(GIVEN INFORMATION)

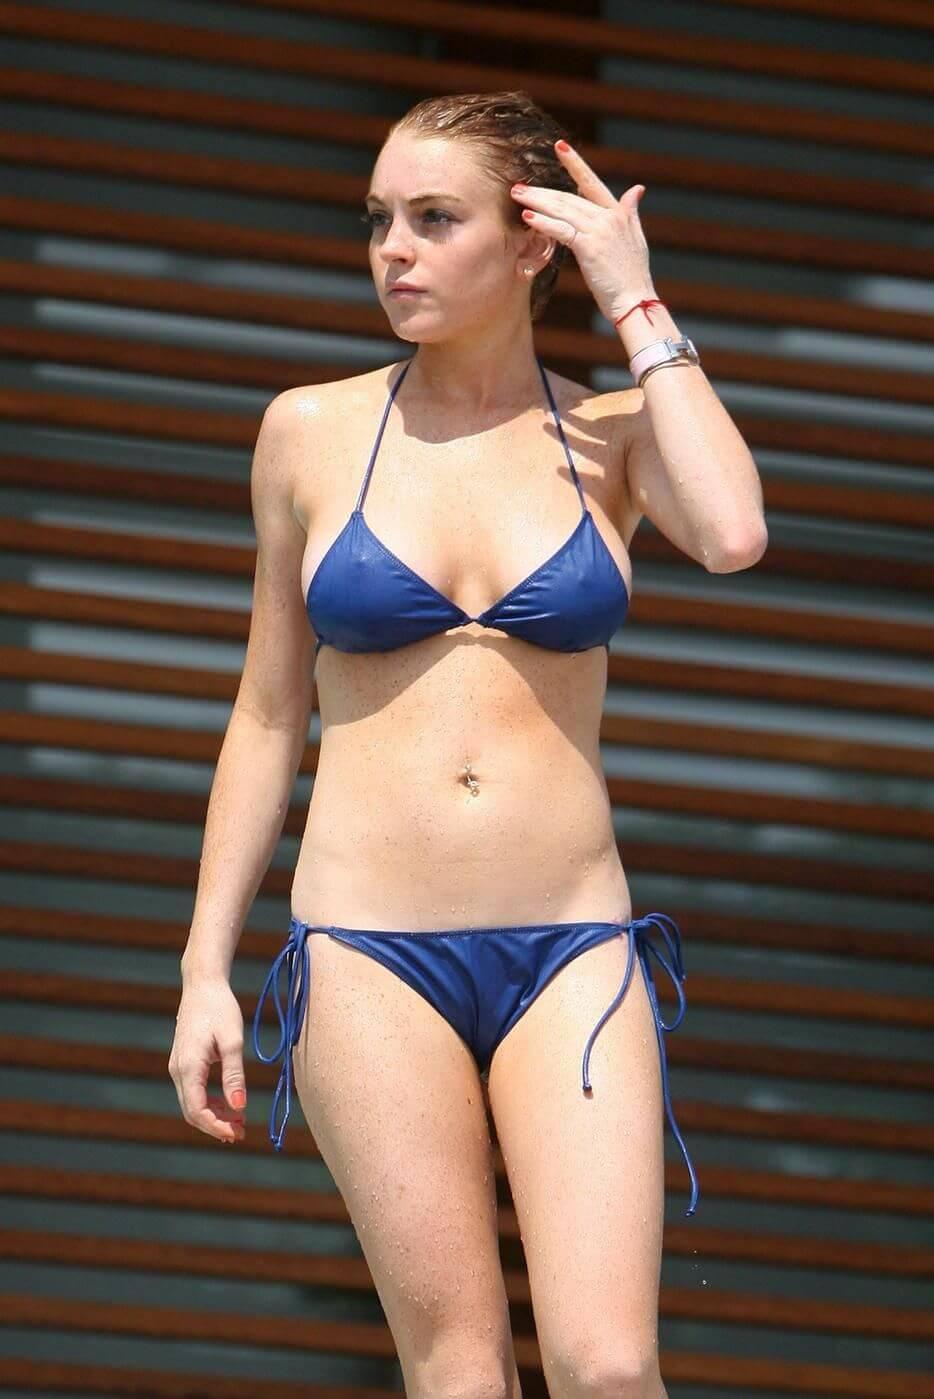 Lindsay Lohan sexy lingerie pics
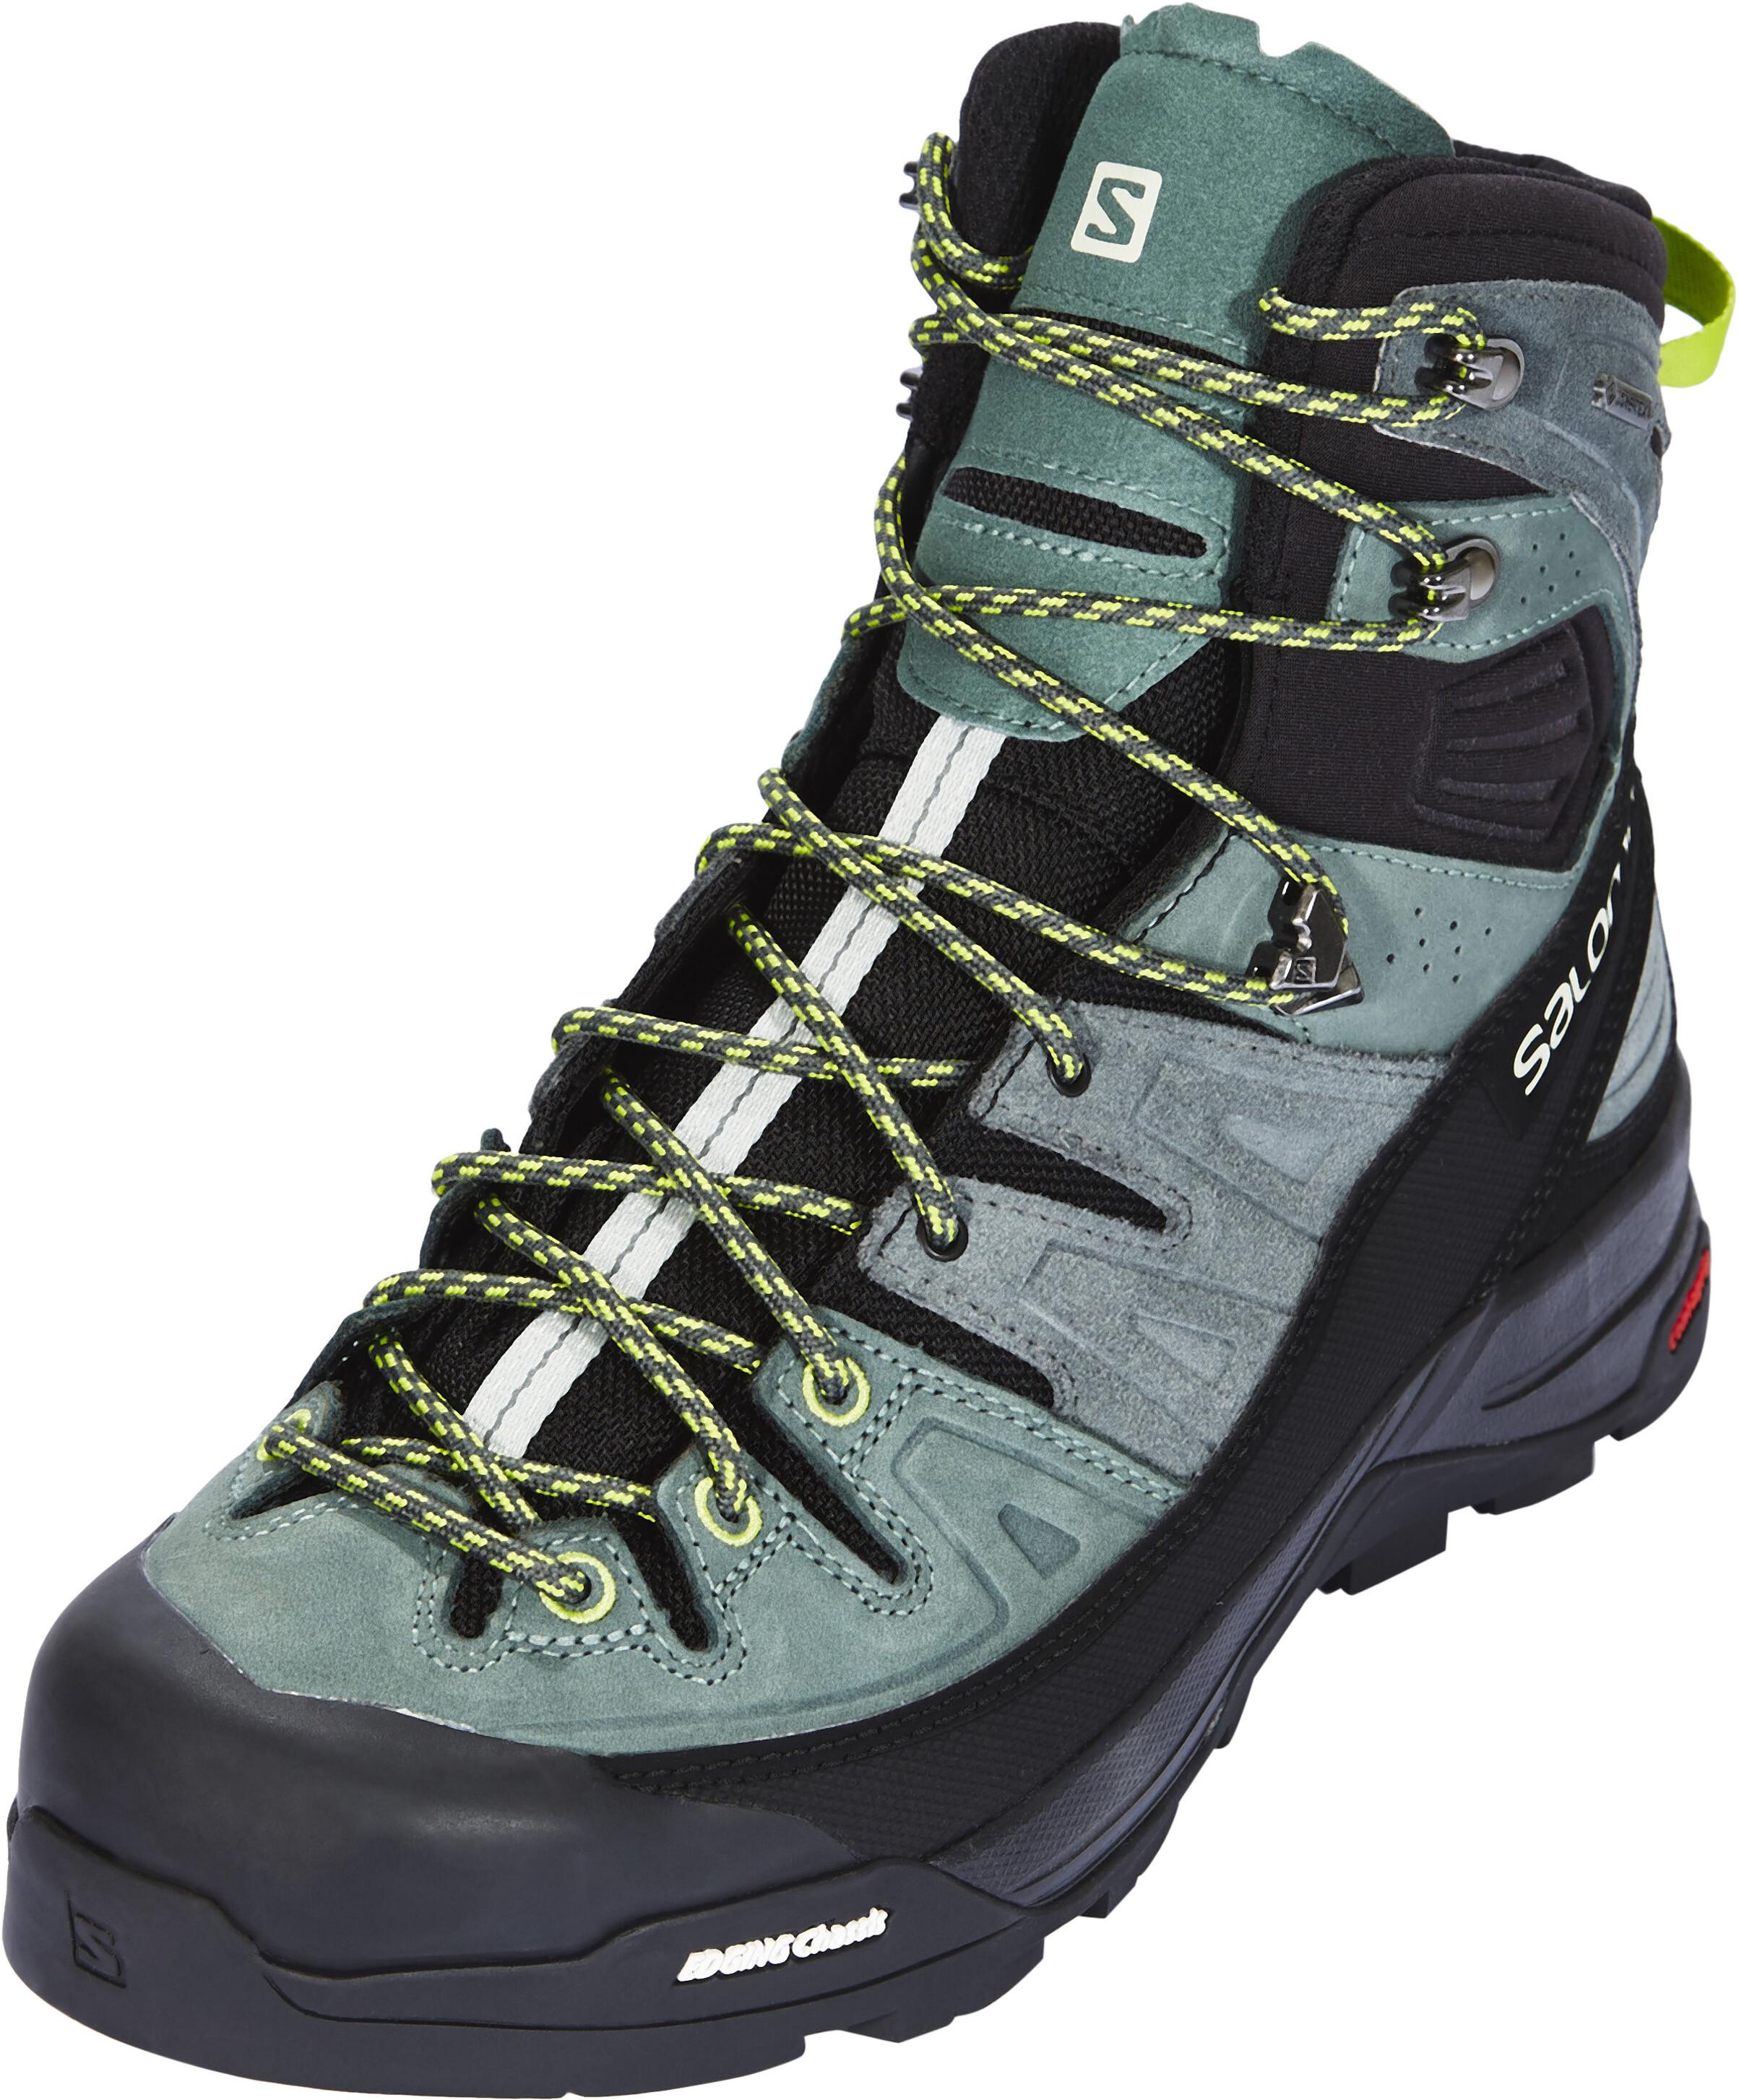 08e57fed2b0b Salomon X Alp High LTR GTX Shoes Men green at Addnature.co.uk
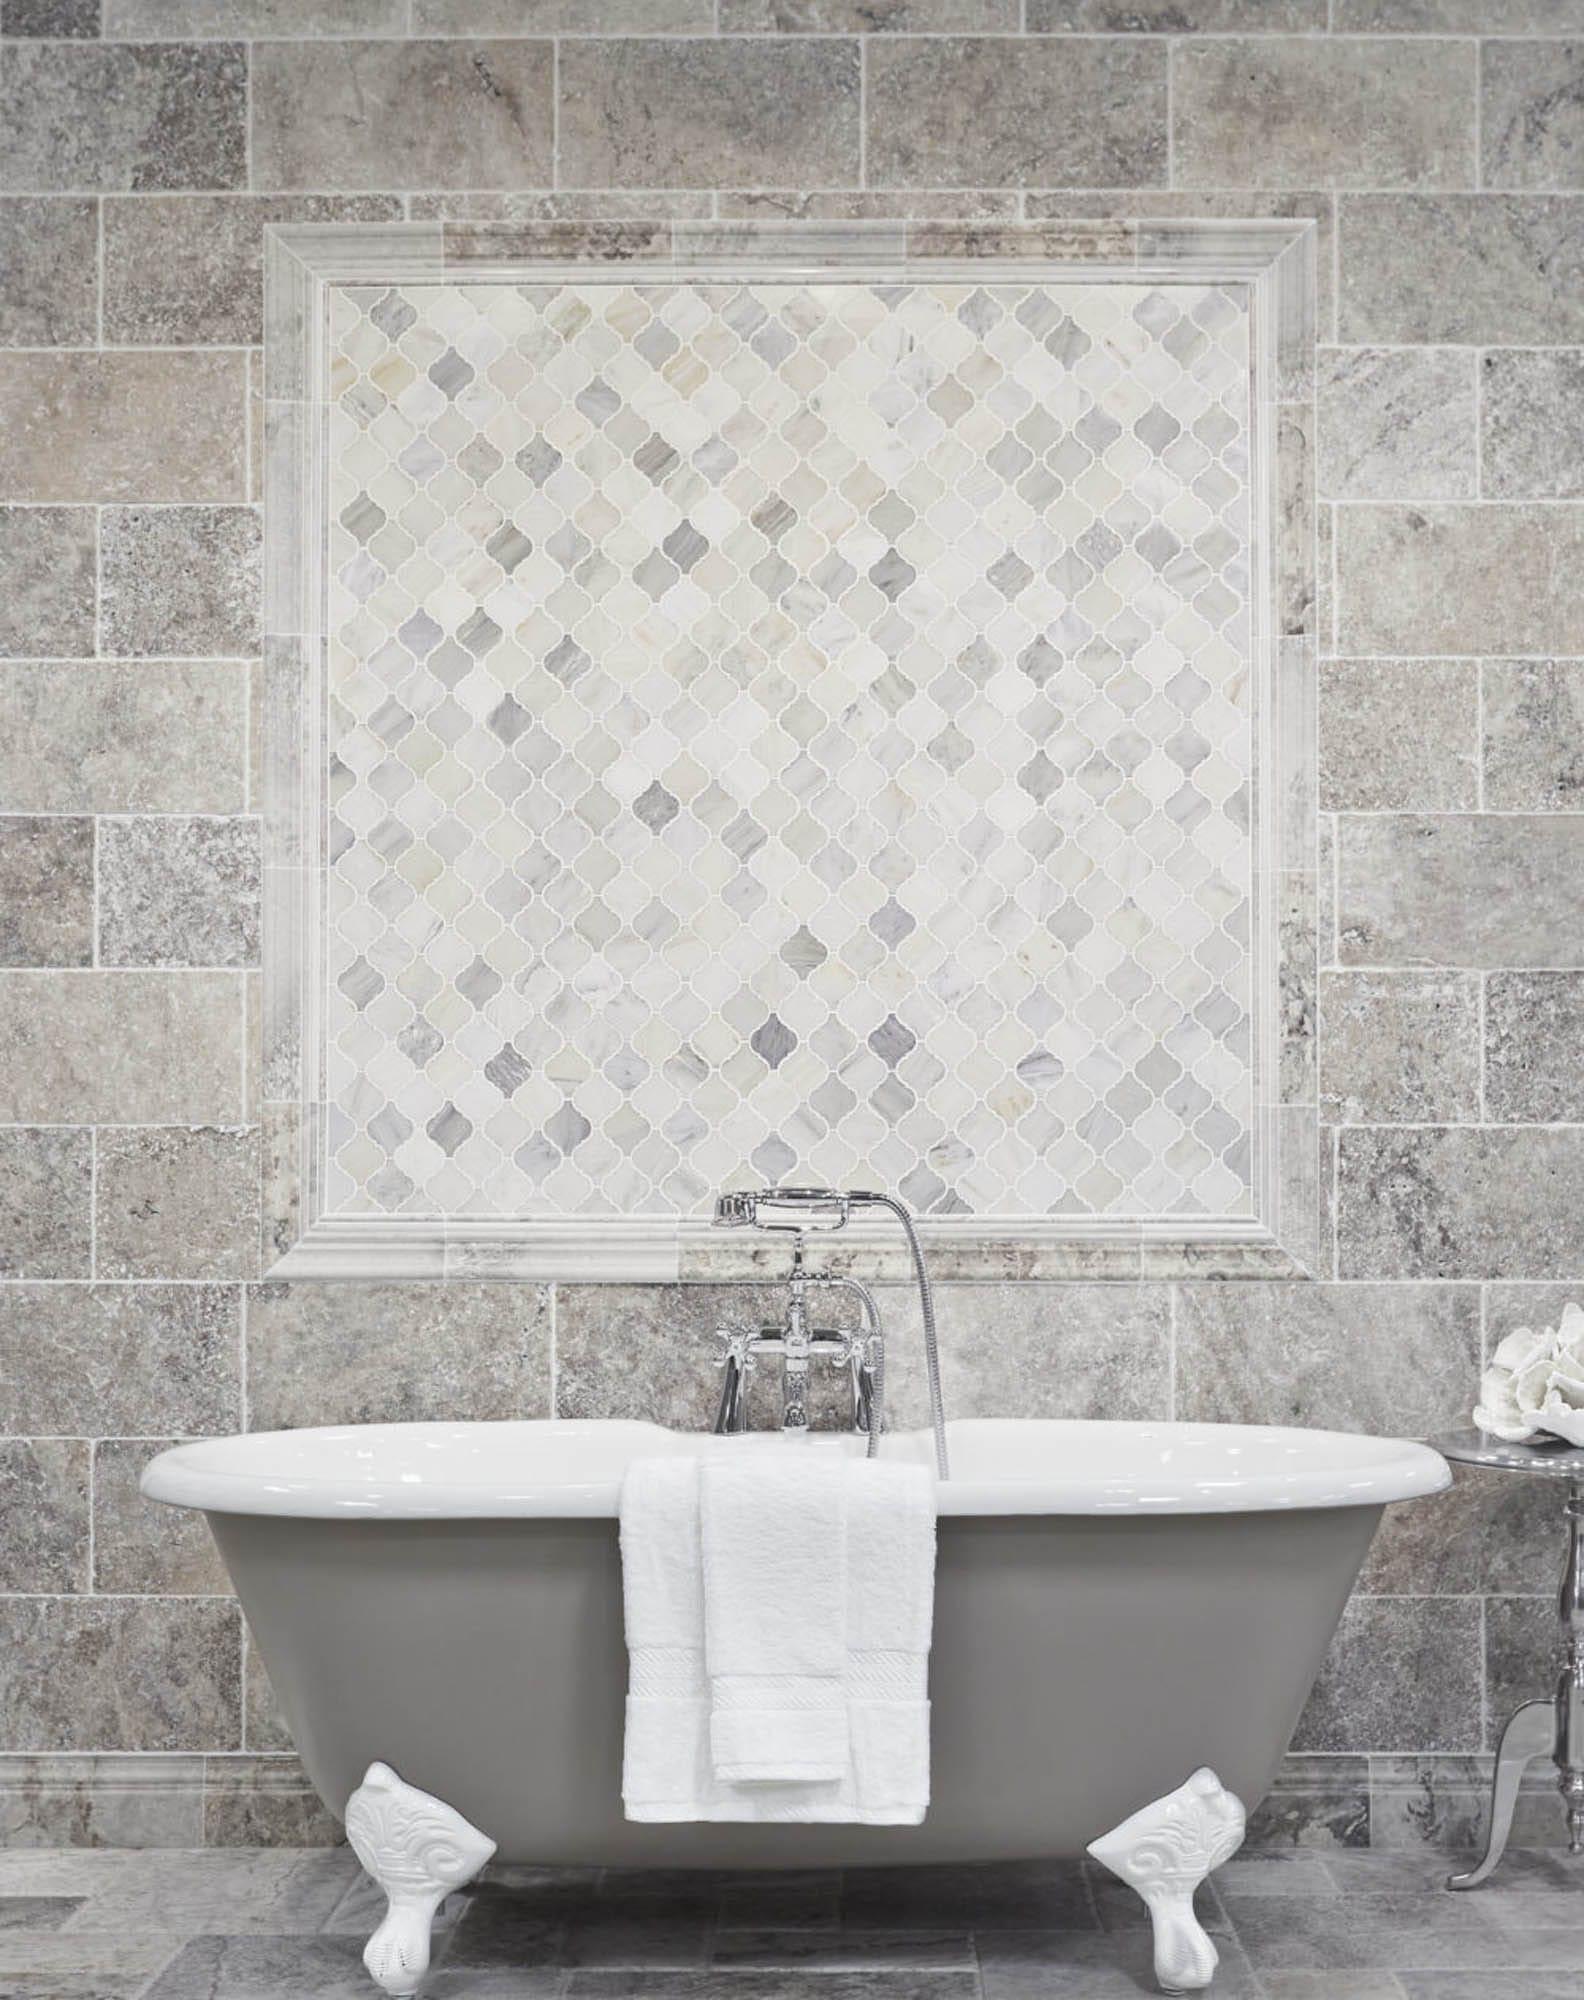 Tumbled finish stone bathroom

(End GIVEN INFORMATION)

* _WHAT THE EXERCISE ASKS_
Print each line above exactly as it appears, excluding all images.

* _EXERCISE RESPONSE_
 Lindsay Lohan sexy lingerie pics
 08e57fed2b0b Salomon X Alp High LTR GTX Shoes Men green at Addnature.co.uk
 Tumbled finish stone bathroom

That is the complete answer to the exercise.